Miriam podía observar por la ventanilla cómo los médicos intervenían para salvar la vida
del motorista, pero no podía ver que, dos calles más allá, un autobús escolar se había
averiado bloqueando el tránsito de la calle, ni que un coche intentaba aparcar en la acera de
enfrente reteniendo la circulación unos segundos. Tampoco podía saber que un empleado de
banca había despertado tremendamente enfermo, y al pedir la baja en la oficina, había
ahorrado la voluminosa presencia de su berlina al tráfico de la calle por la que su padre se
estaba desviando en ese preciso instante. Nada podía sugerir a Miriam que el hecho de que
el delegado del gobierno no hubiera autorizado una manifestación frente al ministerio le
había robado unos quince minutos de reflexión silenciosa, ni que una señora con cara de
sueño, al retrasarse diez minutos en la cita habitual con la amiga que la lleva en coche al
trabajo, le había devuelto tres. Todo habría sido diferente si la noche anterior no se hubiera
desplomado un cartel en una de las autopistas de circunvalación de la ciudad, o si hubiera
amanecido un día lluvioso, o si en su colegio se hubiera desatado un brote epidémico y se
hubiera cerrado el centro durante una semana. En ese caso, su propio padre habría ido
directamente a su trabajo, y se habría ahorrado el mal humor y el periplo por las calles
congestionadas del centro de la ciudad.
Todo girando a mi alrededor.
Aquel pensamiento le hizo sonreir. Ella misma tenía la innegable capacidad de influir sobre
el estado del tráfico de su ciudad, ella, algo tan pequeño en una ciudad tan grande.

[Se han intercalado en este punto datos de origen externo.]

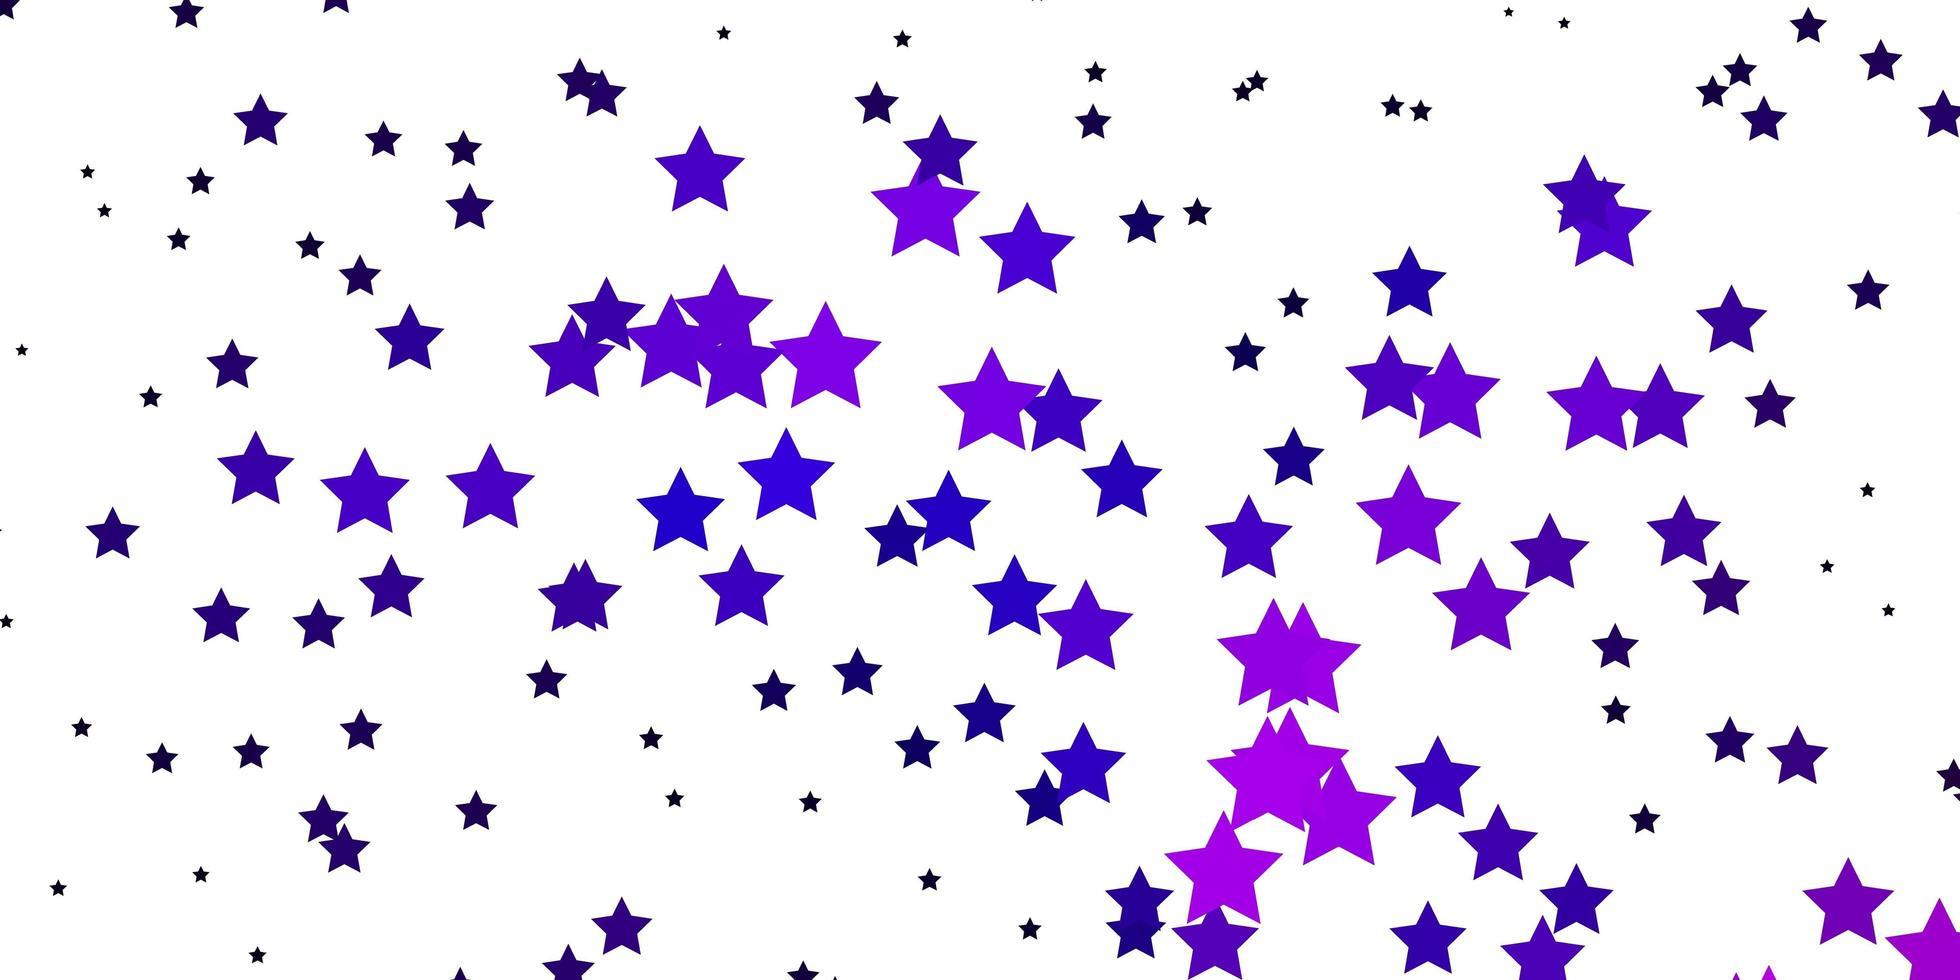 textura de vector púrpura oscuro, rosa con hermosas estrellas.

Evidentemente, no podía reclamarle a nadie el reconocimiento de esa capacidad ni la
admiración de su poder personal, pues al igual que su padre, la mayoría de las personas
tendían a liquidar las preguntas con respuestas sencillas e incontestables. El caos y los
conductores. Ellos se hundían en el stress y desperdiciaban su energía psíquica golpeando el
volante, maldiciendo, desesperándose en la impotencia. Pero a ninguno se le ocurría pensar
que ellos mismos, en el discurrir habitual de sus rutinas, estaban formando, o aliviando, o
descomponiendo el caos: cada uno de ellos era una pequeña parte de él, y en él podrían
maniobrar. Lo alimentaban y lo sufrían. Pero estaban mirando hacia otra parte.
-Eres muy idealista, Miriam, y eso no es malo. Pero hay ciertas cosas que no podemos
cambiar, porque somos demasiado pequeños. Como el tráfico.
Miriam observó el reflejo de la imagen de su padre en el espejo retrovisor. ¿Cómo explicarle
que la decisión más simple, la más banal en apariencia, podría tener consecuencias
extraordinarias sobre la vida de otras personas? No lo entendería, le parecería una
chiquillada mental más. Él no aceptaría ser una parte del caos. Ël nunca circularía a veinte
millas por hora.
Ella sí lo aceptaba. Vivía en un lugar en que la simple convivencia producía hechos
desastrosos e incomprensibles, como los colegios y los atascos matutinos. Todos se
necesitaban, pero el hecho de estar juntos hacía que sus vidas fueran sensiblemente peores.
De todos modos, pensó Miriam, las cosas funcionan de tal forma que nuestro cerebro no las
comprende. Parece que la culpa no es de nadie, y así nadie hace nada por cambiarlas. Parece
que la culpa no es de nadie. Y sin embargo, he llegado tarde al colegio.